Breast cancer diagnosis based on feature extraction using a hybrid of K-means and support vector machine algorithms

  • Authors:
  • Bichen Zheng;Sang Won Yoon;Sarah S. Lam

  • Affiliations:
  • -;-;-

  • Venue:
  • Expert Systems with Applications: An International Journal
  • Year:
  • 2014

Quantified Score

Hi-index 12.05

Visualization

Abstract

With the development of clinical technologies, different tumor features have been collected for breast cancer diagnosis. Filtering all the pertinent feature information to support the clinical disease diagnosis is a challenging and time consuming task. The objective of this research is to diagnose breast cancer based on the extracted tumor features. Feature extraction and selection are critical to the quality of classifiers founded through data mining methods. To extract useful information and diagnose the tumor, a hybrid of K-means and support vector machine (K-SVM) algorithms is developed. The K-means algorithm is utilized to recognize the hidden patterns of the benign and malignant tumors separately.
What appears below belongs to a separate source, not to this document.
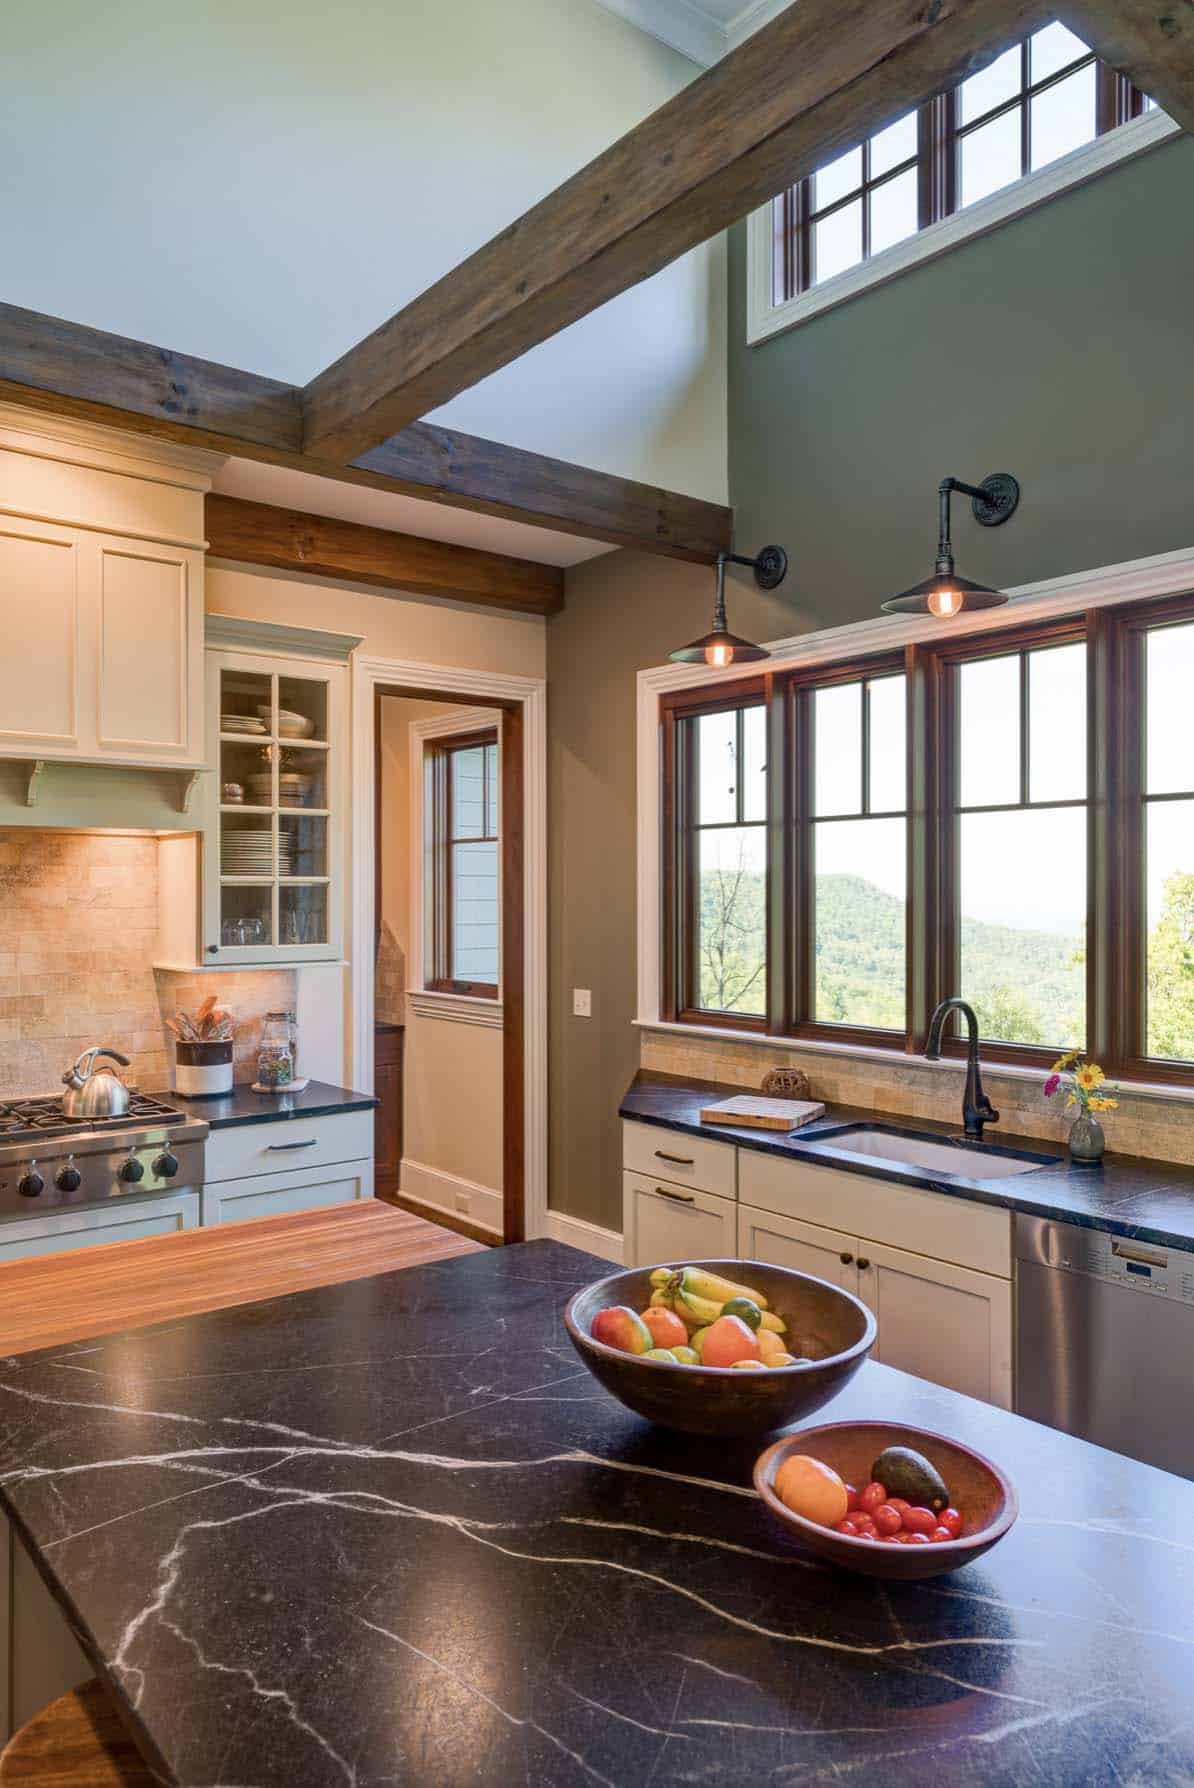 kitchen-mountain-views-vaulted-ceiling
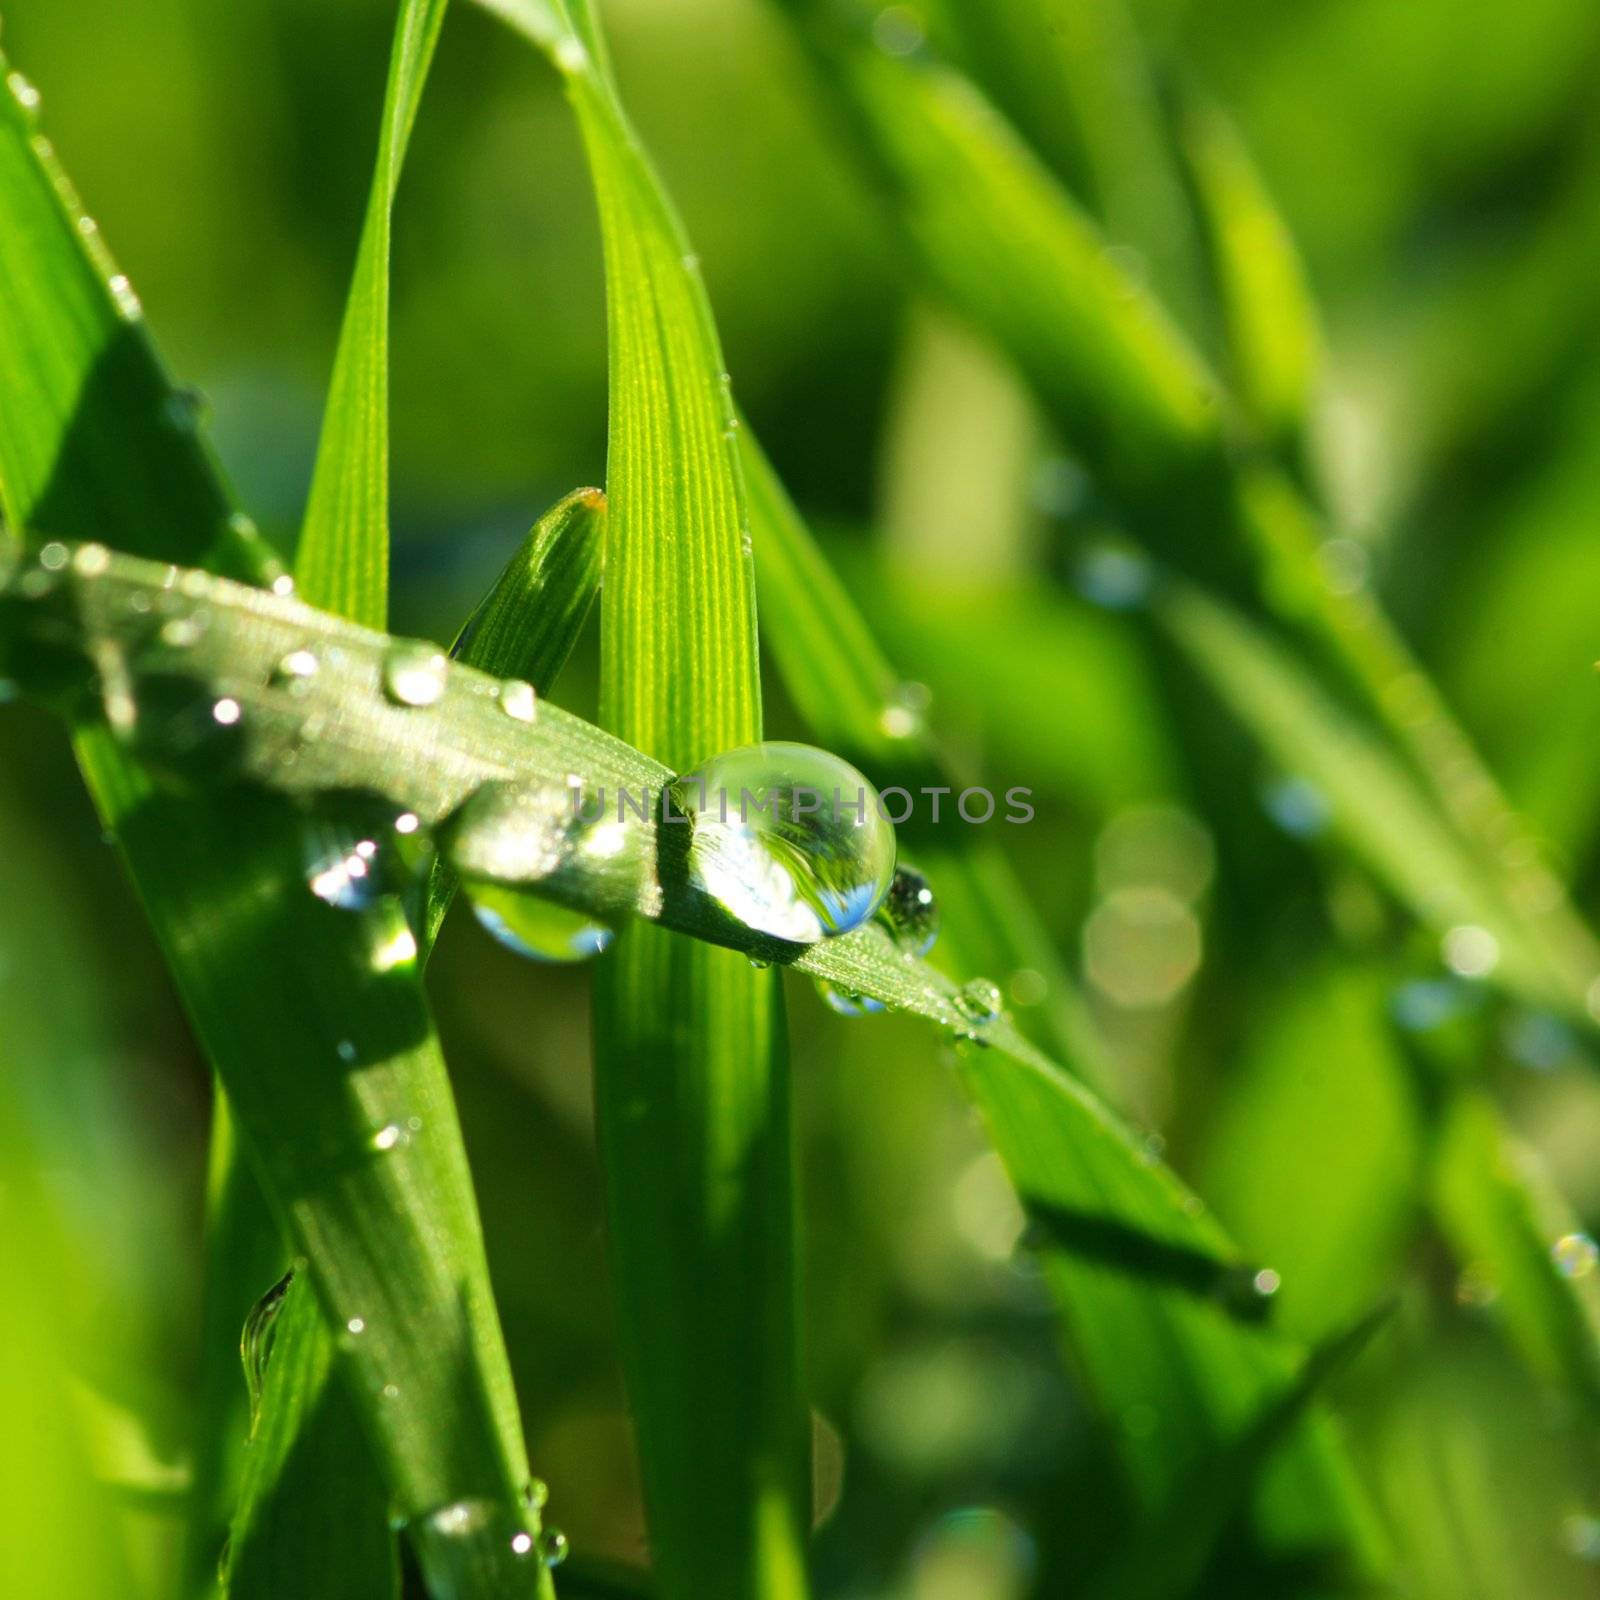 Dew drop on a blade of grass

The membership of each tumor to these patterns is calculated and treated as a new feature in the training model. Then, a support vector machine (SVM) is used to obtain the new classifier to differentiate the incoming tumors. Based on 10-fold cross validation, the proposed methodology improves the accuracy to 97.38%, when tested on the Wisconsin Diagnostic Breast Cancer (WDBC) data set from the University of California - Irvine machine learning repository. Six abstract tumor features are extracted from the 32 original features for the training phase. The results not only illustrate the capability of the proposed approach on breast cancer diagnosis, but also shows time savings during the training phase. Physicians can also benefit from the mined abstract tumor features by better understanding the properties of different types of tumors.